The specific requirements include sendinga scientific experiment and two camerasup with the satellite. Our group will be sending an RM 60 Geiger counter up and comparing the radiation results to the altitude, a video camera trained on the horizon, and the provided still camera pointing out of the bottom of the satellite.

The entire system will be assembled in the recommended foam core construction, which can easily be rebuilt in case of structural failure. The box is 15.5 cm x 13.5 cm x 13.5 cm and snugly holds all of our components. We will use plastic tubing to secure the flight cord through the center of our satellite. On each end of our box, the cord will be tied and secured with washers. The entire system will be kept above freezing by the use of hand warmers packed around each set of batteries and each camera. We will be able to shave weight from the video camera if it is necessary to keep the satellite under 800 grams.

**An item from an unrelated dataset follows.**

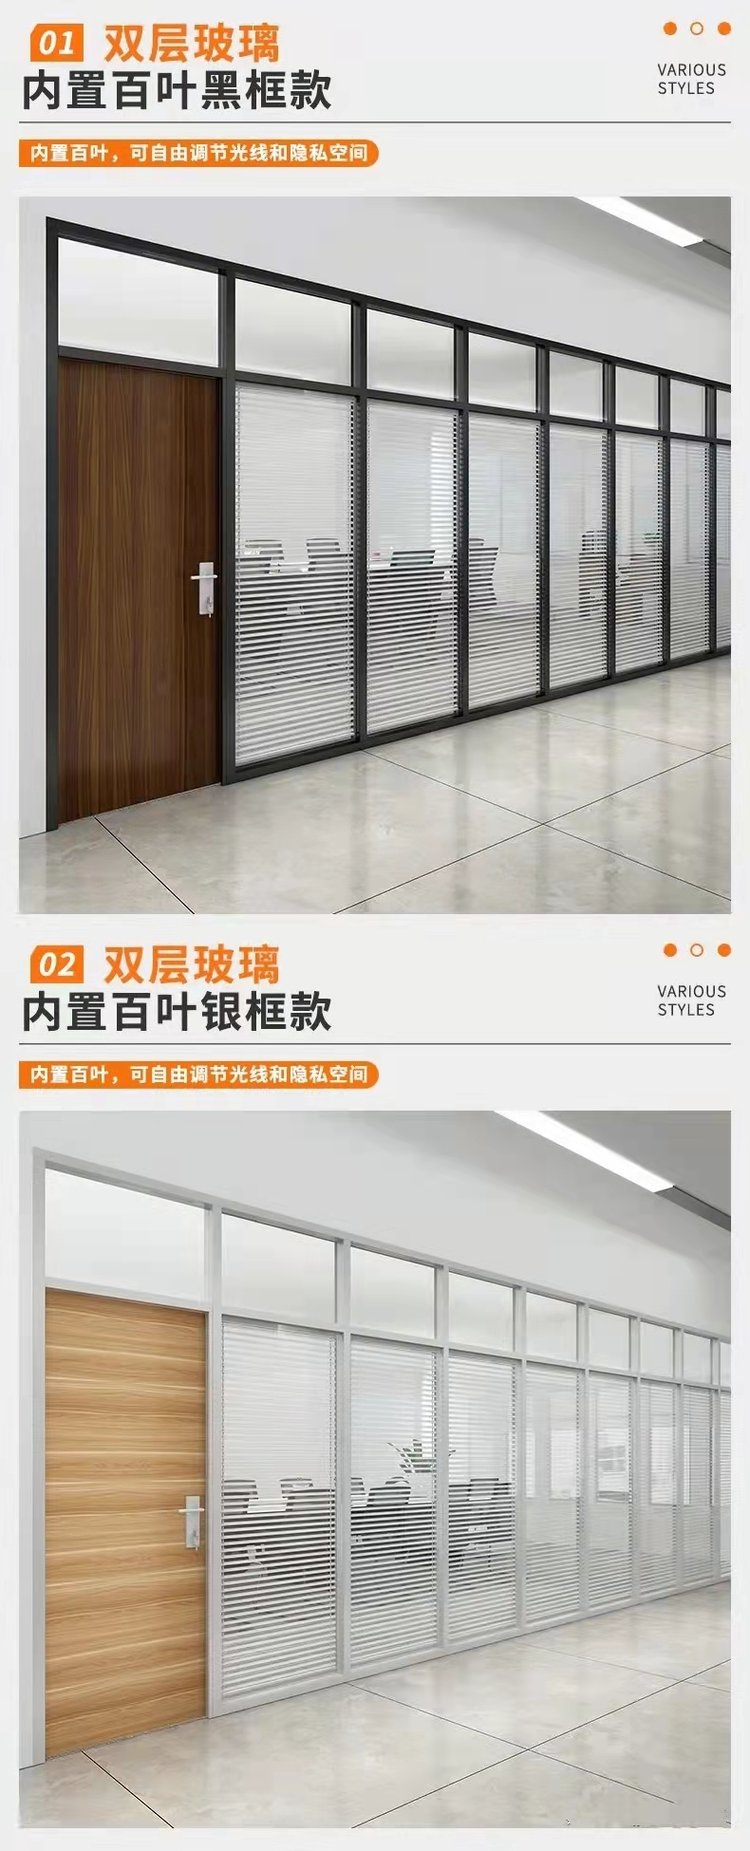 Tempered glass partition hotel partition wall gypsum board light steel keel room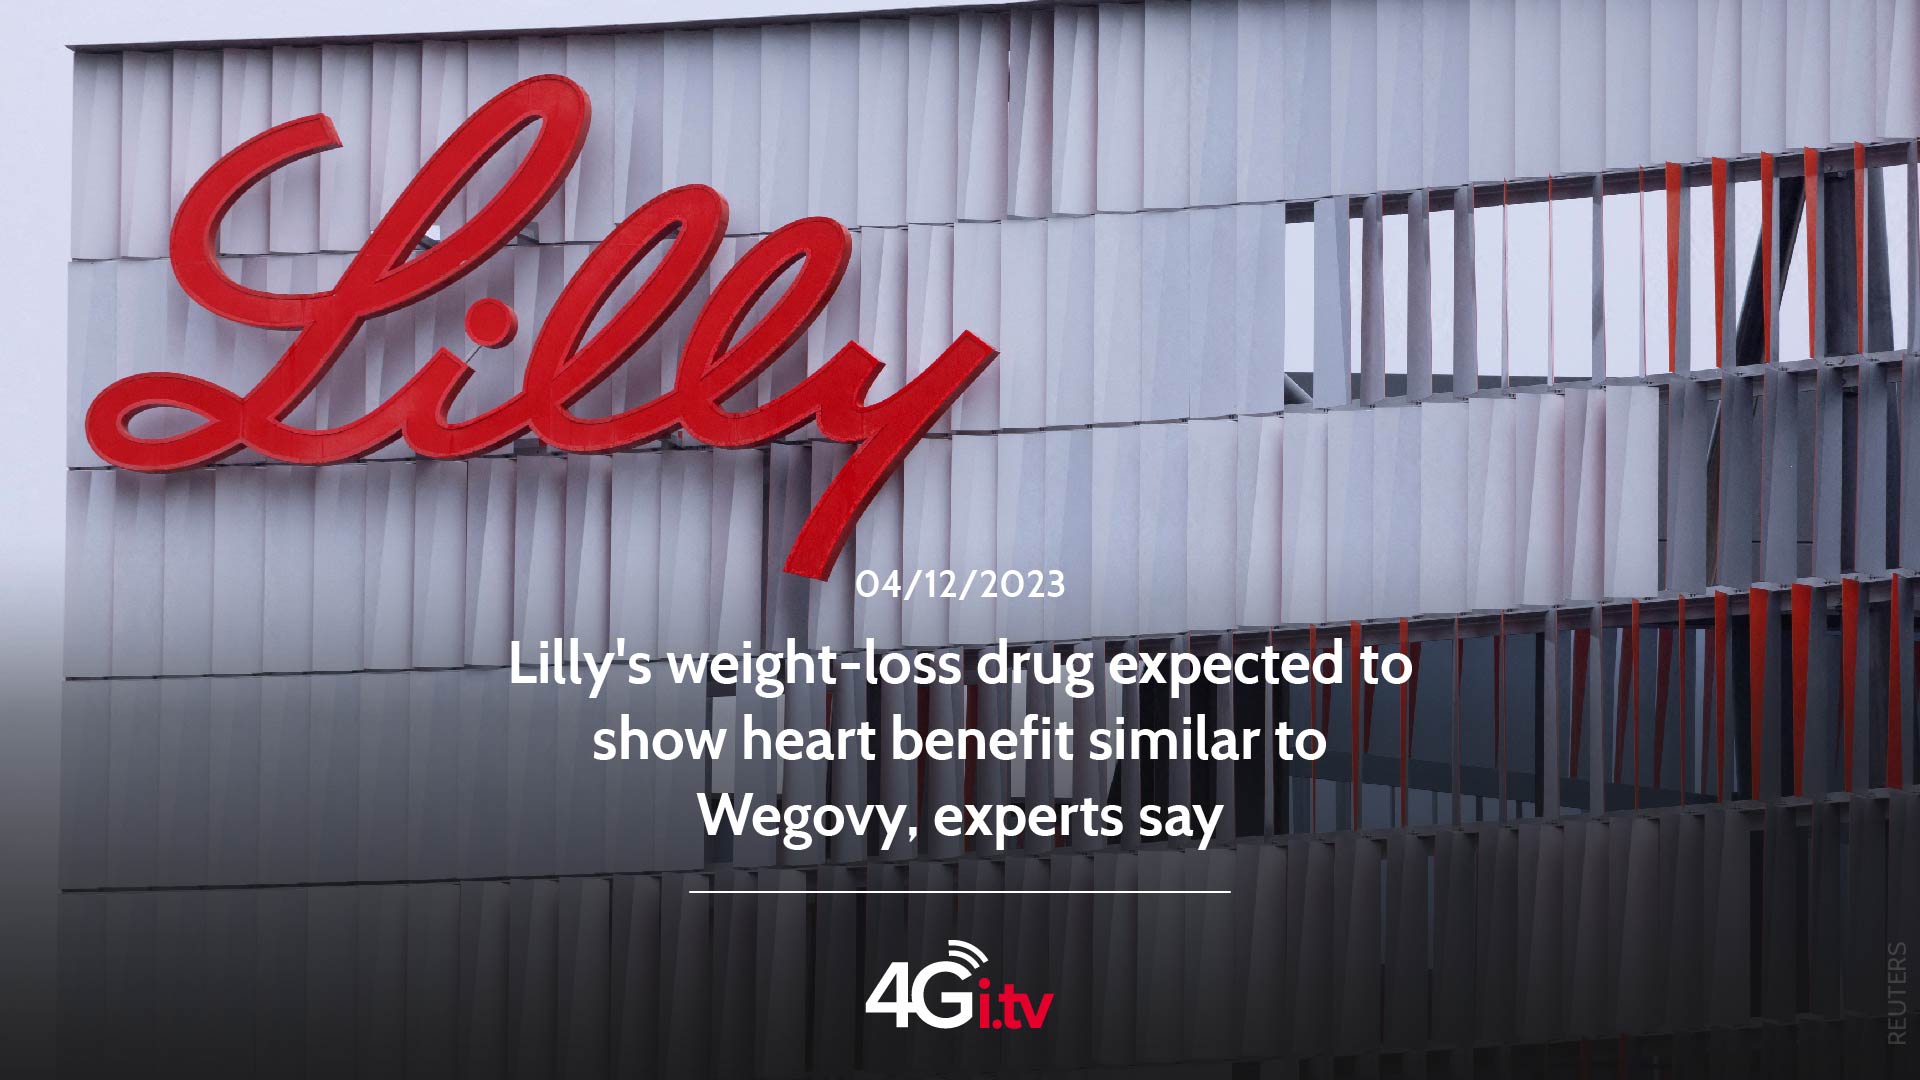 Lesen Sie mehr über den Artikel Lilly’s weight-loss drug expected to show heart benefit similar to Wegovy, experts say

-Our video camera has its own memory and battery source and will be independent from the other subsystems.

-The Basic stamp and Geiger counter will be connected and create their own subsystem. The Geiger counter will provide the power source for this subsystem and the Basic Stamp will record all the data.

-The Hobo creates its own subsystem. It has two temperature probes (one internal and one external), onboard memory, and its own battery.

-The heater, 9 volt battery pack, and switch will be a subsystem. The batteries provide power, no memory is required, and the heater will keep each of the other subsystems warm.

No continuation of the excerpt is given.